Thermodynamic Solubility Profile of Temozolomide in Different Commonly Used Pharmaceutical Solvents

Abstract

The solubility parameters, and solution thermodynamics of temozolomide (TMZ) in 10 frequently used solvents were examined at five different temperatures. The maximum mole fraction solubility of TMZ was ascertained in dimethyl sulfoxide (1.35 × 10⁻²), followed by that in polyethylene glycol-400 (3.32 × 10⁻³) > Transcutol^® (2.89 × 10⁻³) > ethylene glycol (1.64 × 10⁻³) > propylene glycol (1.47 × 10⁻³) > H₂O (7.70 × 10⁻⁴) > ethyl acetate (5.44 × 10⁻⁴) > ethanol (1.80 × 10⁻⁴) > isopropyl alcohol (1.32 × 10⁻⁴) > 1-butanol (1.07 × 10⁻⁴) at 323.2 K. An analogous pattern was also observed for the other investigated temperatures. The quantitated TMZ solubility values were regressed using Apelblat and Van’t Hoff models and showed overall deviances of 0.96% and 1.33%, respectively. Apparent thermodynamic analysis indicated endothermic, spontaneous, and entropy-driven dissolution of TMZ in all solvents. TMZ solubility data may help to formulate dosage forms, recrystallize, purify, and extract/separate TMZ.

1. Introduction

Temozolomide (TMZ; CAS number: 85622-93-1; molar mass: 194.15 g mol⁻¹; molecular formula: C₆H₆N₆O₂; Figure 1) is indicated in brain tumors such as glioblastoma and malignant glioma as an oral adjuvant chemotherapy agent [1,2,3]. TMZ is usually prescribed by practitioners because of its comparatively exceptional cytotoxic characteristics for cancer cells [4]. TMZ is a prodrug and its metabolite alkylates nucleophiles (i.e., DNA) and induces cell death [5]. The speedy hydrolysis and poor solubility of the drug contributes to a lower biological half-life, and its deficient biodistribution restricts the anticancer activity through ordinary remedial treatment and results in non-specificity with an increased dose and multiple dosing [6,7].

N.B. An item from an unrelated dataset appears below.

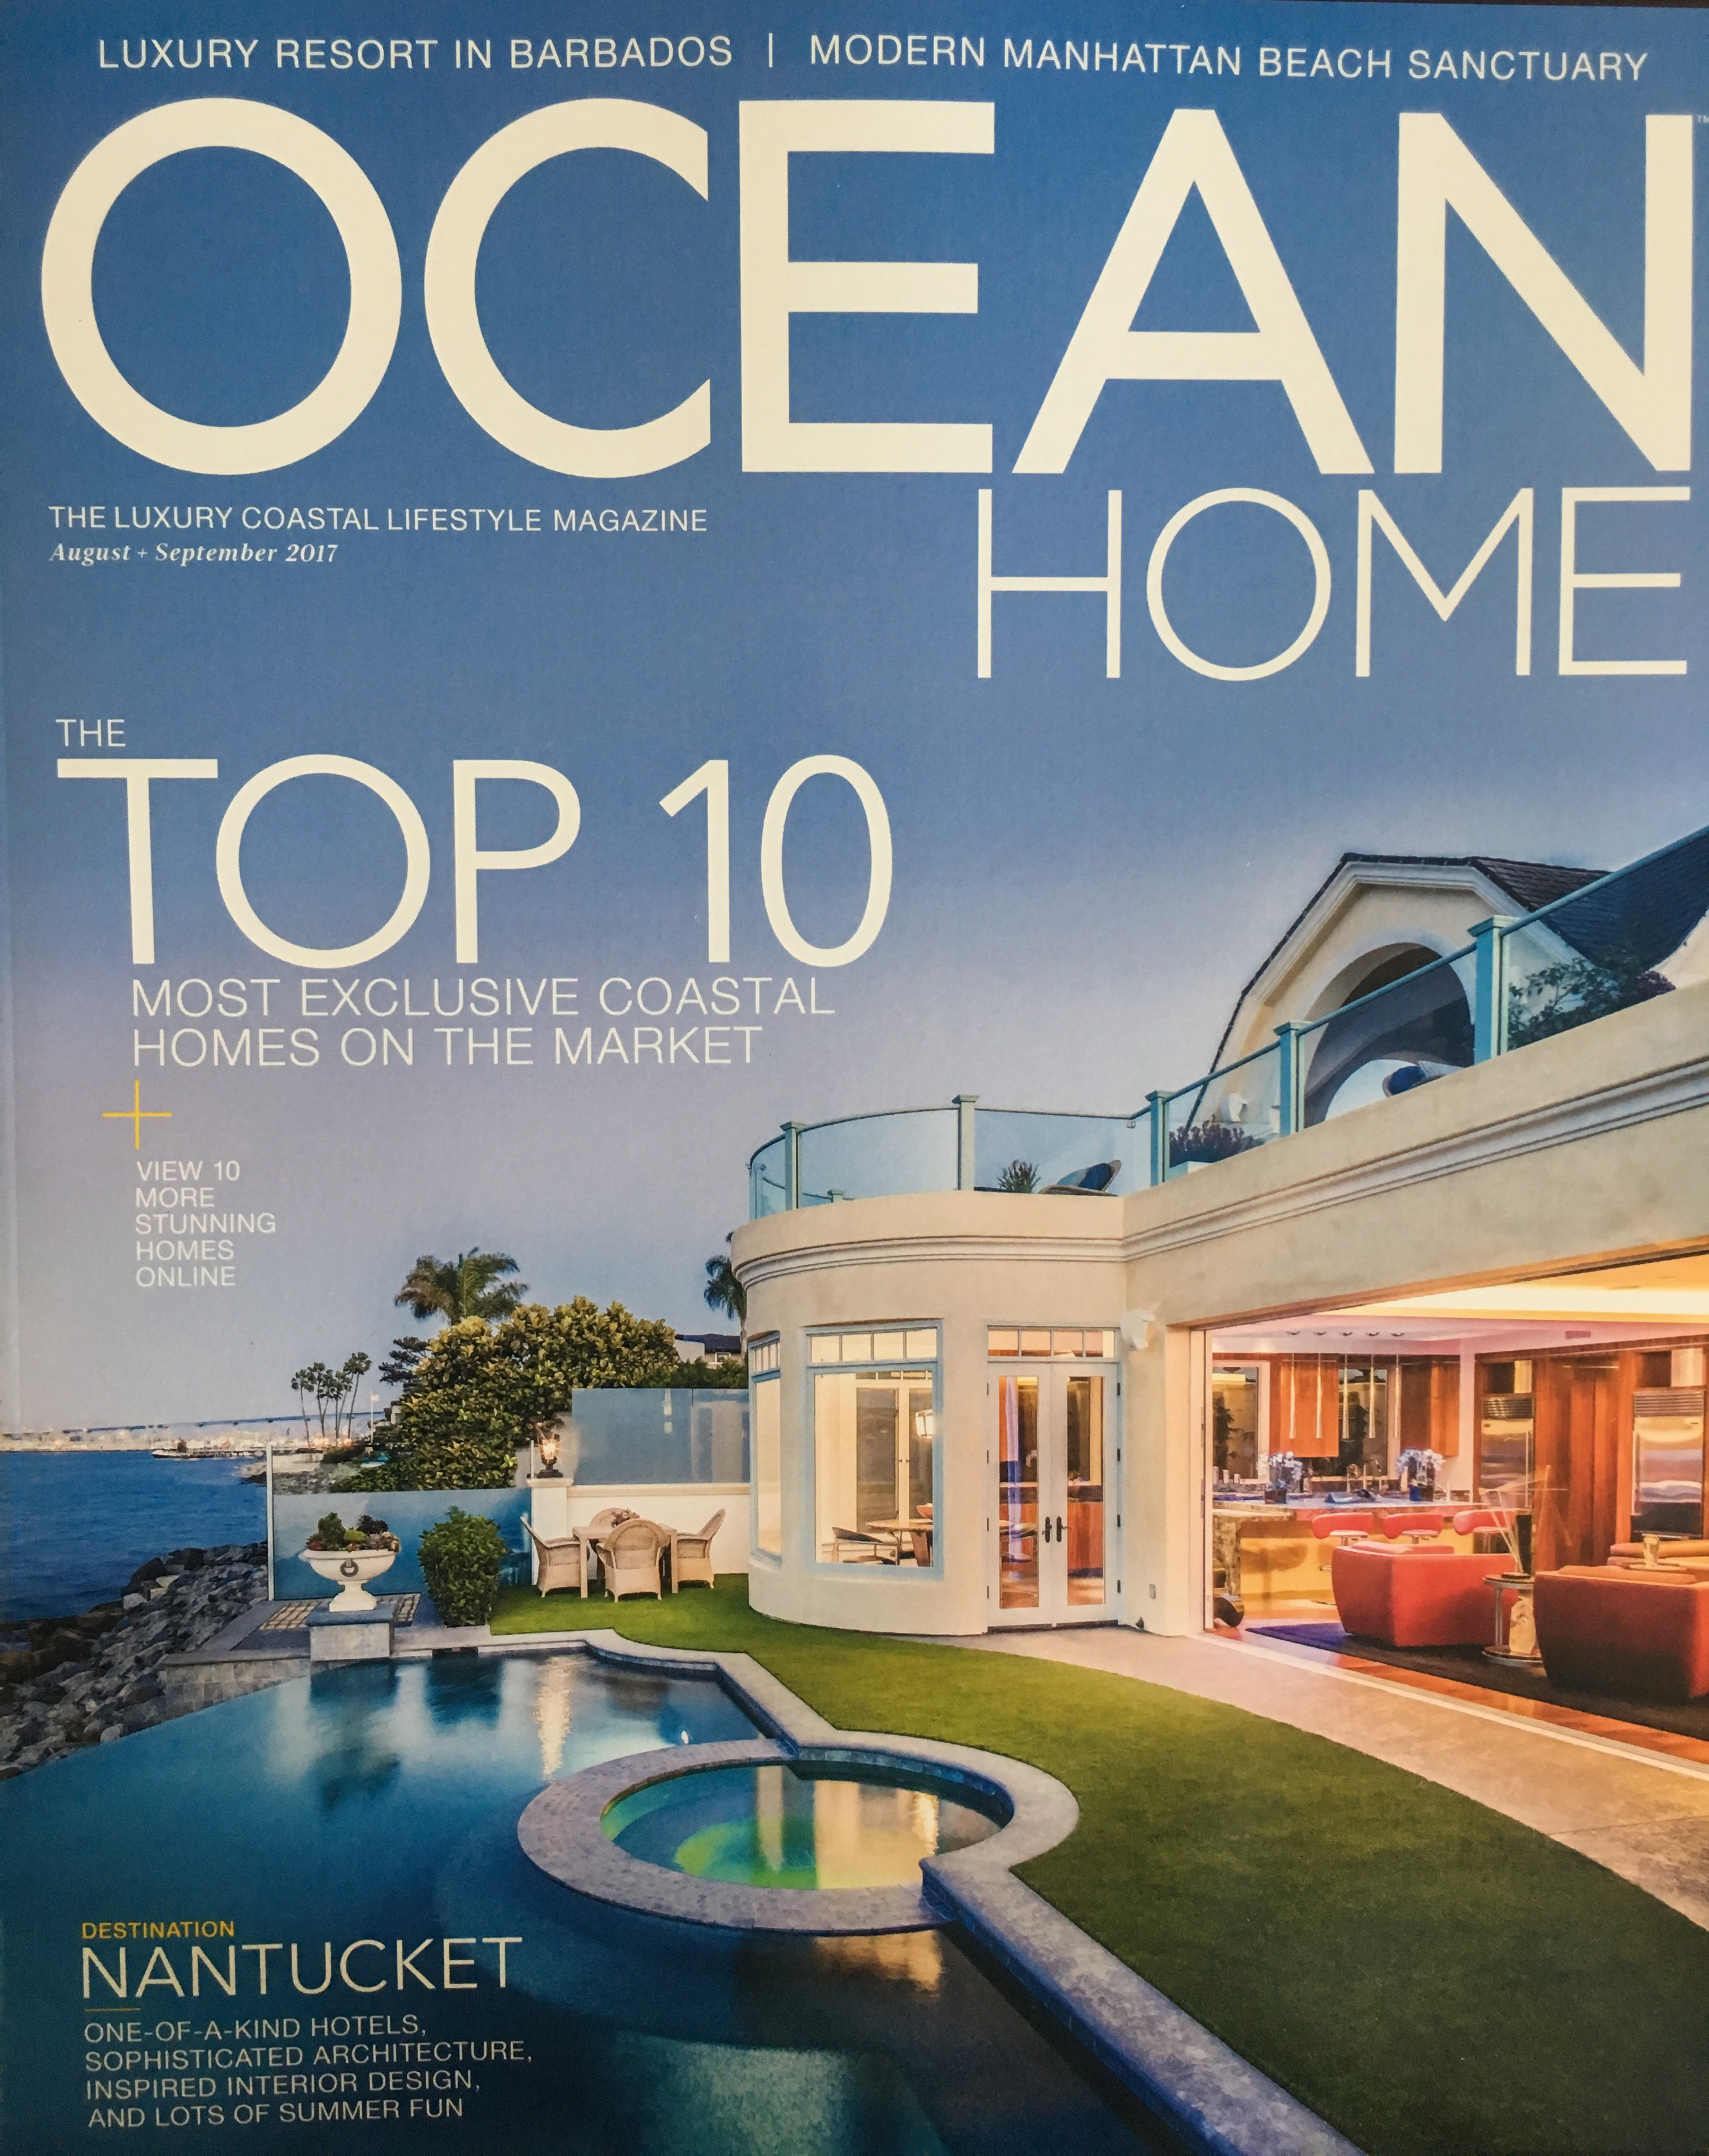 33 Proctor St - Ocean Home magazine top ten list | MA1974 LandVest Blog

Many approaches for the delivery of TMZ, including complexation [8], niosomes [6], solid lipid nanoparticles [9] lipid-based nanoparticles [1], nanomicelles [10], and chitosan engineered PAMAM dendrimers, [11] have previously been described for the augmentation of drug dissolution and bioavailability. The solubility of TMZ in H₂O (2–4 mg/mL) and ethanol (EtOH, 0.4–0.6 mg/mL) is reported elsewhere [12]; however, the solubility of TMZ in solvents such as Transcutol^® (TC), propylene glycol (PG), isopropyl alcohol (IPA), ethylene glycol (EG), polyethylene glycol-400 (PEG-400), 1-butanol (1-BuOH), dimethyl sulfoxide (DMSO), and ethyl acetate (EA) has not been described thus far.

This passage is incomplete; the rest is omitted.